Uit het voorgaande volgt volgens de A-G dat de aangelegenheid van belanghebbende zich afspeelt binnen het gemeenschapsrecht. De A-G gaat vervolgens in op de vraag of de kortingsregeling leidt tot een verboden verschil in behandeling. De A-G merkt hierbij eerst op dat geen sprake is van omgekeerde discriminatie, nu belanghebbende, door gebruik te maken van de EU-rechtelijke vrijheden, ten opzichte van zijn eigen lidstaat in een vergelijkbare positie verkeert als in Nederland verblijvende en werkzame onderdanen van andere lidstaten (zie Knoors en Asscher).

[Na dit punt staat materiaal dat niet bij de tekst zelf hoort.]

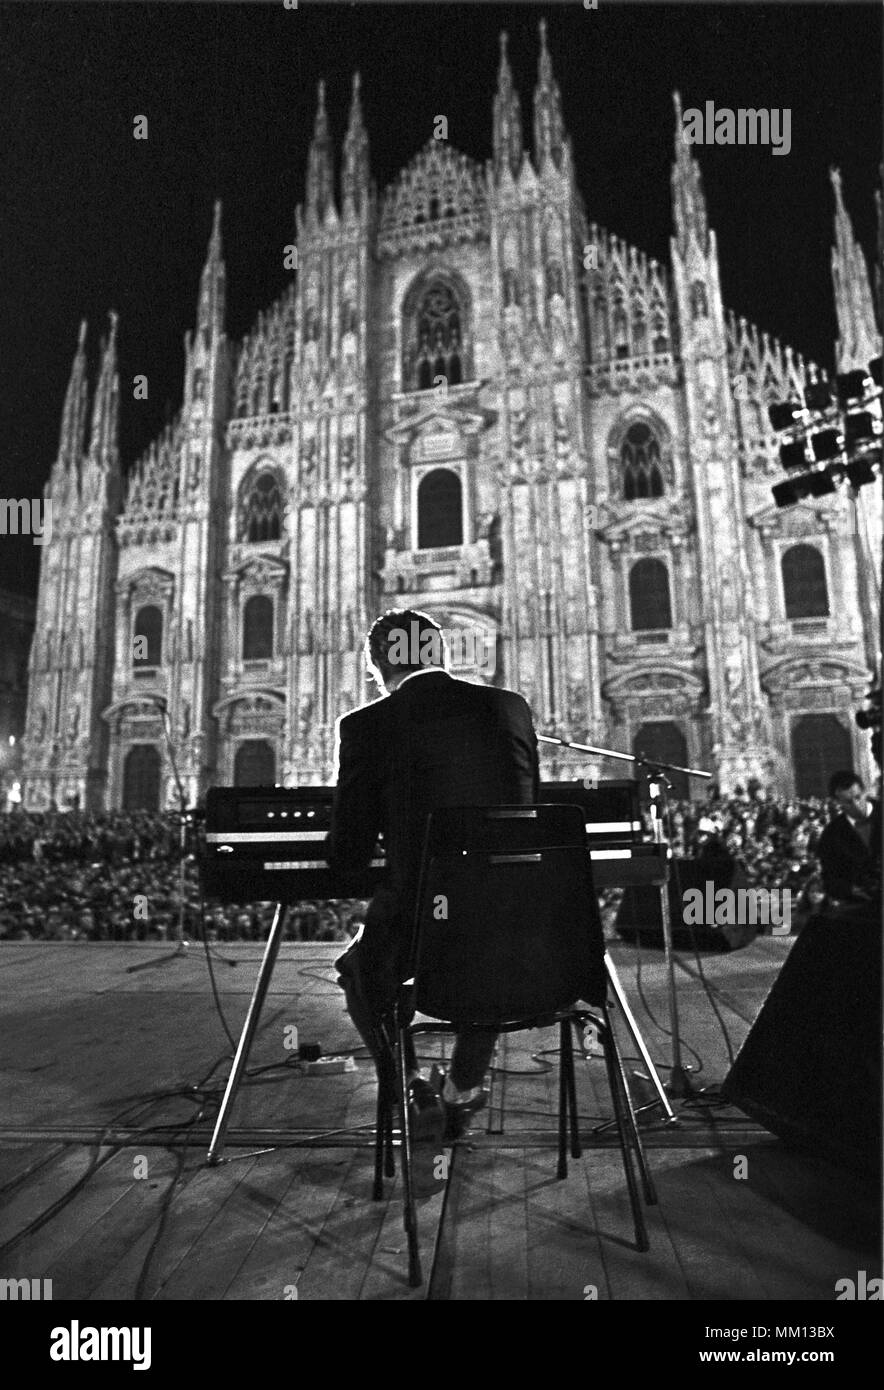 El músico y escritor de canciones ENZO JANNACCI durante un espectáculo público en Milán (Italia), septiembre de 1986 Foto de stock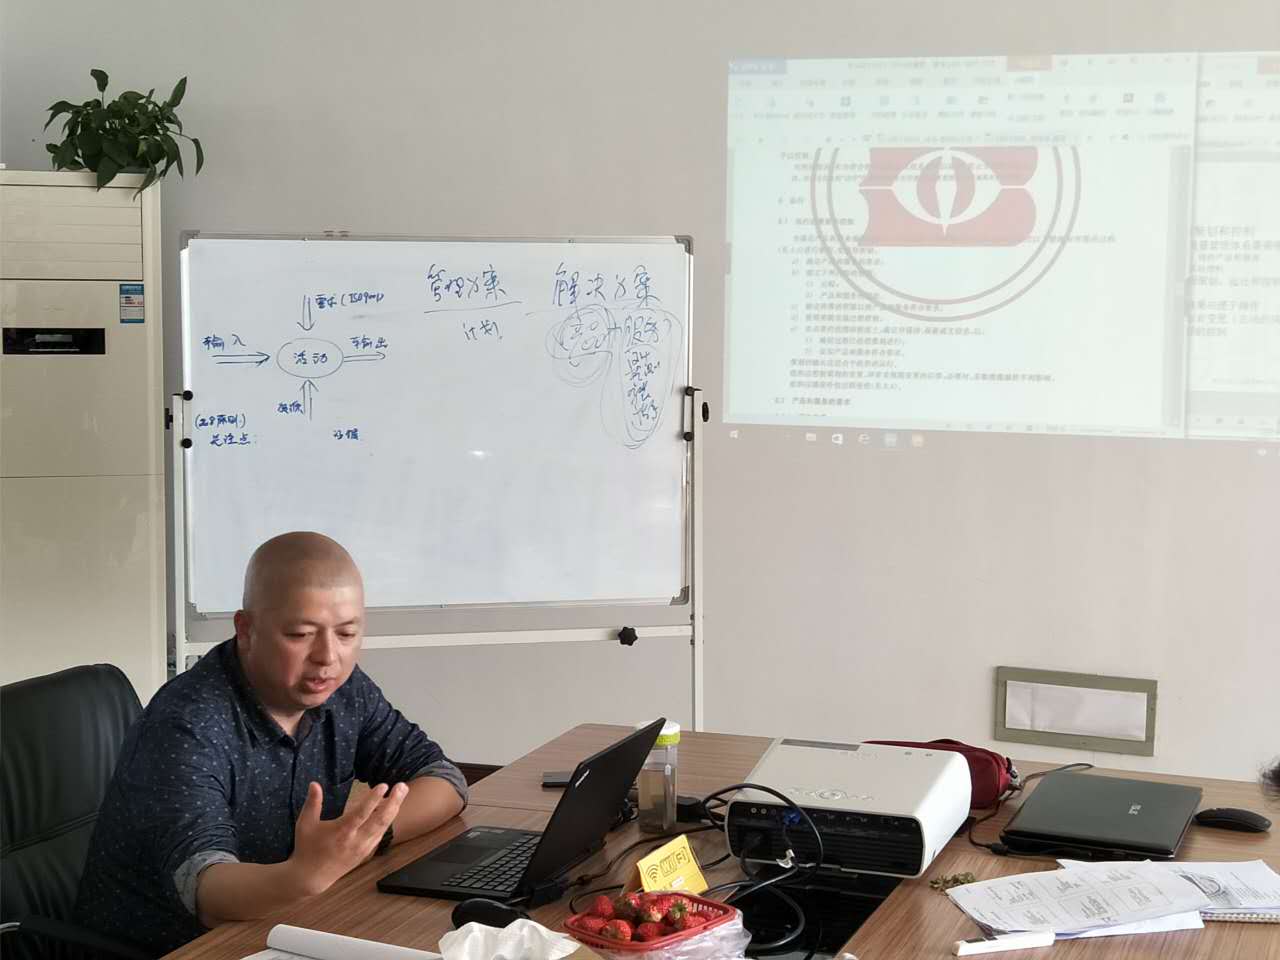 杭州桑迪电器有限公司完成ISO9001:2015质量管理体系宣贯培训

De A-G onderscheidt een drietal situaties op grond waarvan hij beoordeelt of sprake is van een (niet-toegestane) ongelijke behandeling, zijnde: (a) een vergelijking tussen belanghebbende en ingekomen werknemers die eerder in Nederland verbleven, (b) een gelijksteling met en – in deze hoedanigheid – vergelijking tussen belanghebbende en ingekomen werknemers die niet eerder in Nederland verbleven, en (c) een vergelijking tussen belanghebbende en ingekomen werknemers die niet eerder in Nederland verbleven.

Situatie a. De A-G betoogt dat, daar ook ingekomen werknemers zónder de Nederlandse nationaliteit die eerder in Nederland verbleven, op dezelfde wijze door de kortingsregeling worden getroffen als belanghebbende, er sprake is van gelijke gevallen die gelijk worden behandeld. Belanghebbendes stelling, dat vooral gemigreerde Nederlandse werknemers nadelig worden behandeld, treft dus geen doel. Of de 25-jaarstermijn al dan niet te lang is omdat geen sprake is van enig verband met de realiteit, is volgens de A-G een aan de wetgever voorbehouden afweging die past binnen de hem toekomende ruime beoordelingsvrijheid.

Situatie b. Voor belanghebbendes opvatting, dat hij wegens zijn persoonlijke omstandigheden gelijkgesteld kan worden met een ingekomen werknemer die niet eerder in Nederland verbleef en de vergelijking tussen beide groepen dient plaats te vinden in deze hoedanigheid, biedt het recht, gezien de ratio van de regeling, volgens de A-G geen steun.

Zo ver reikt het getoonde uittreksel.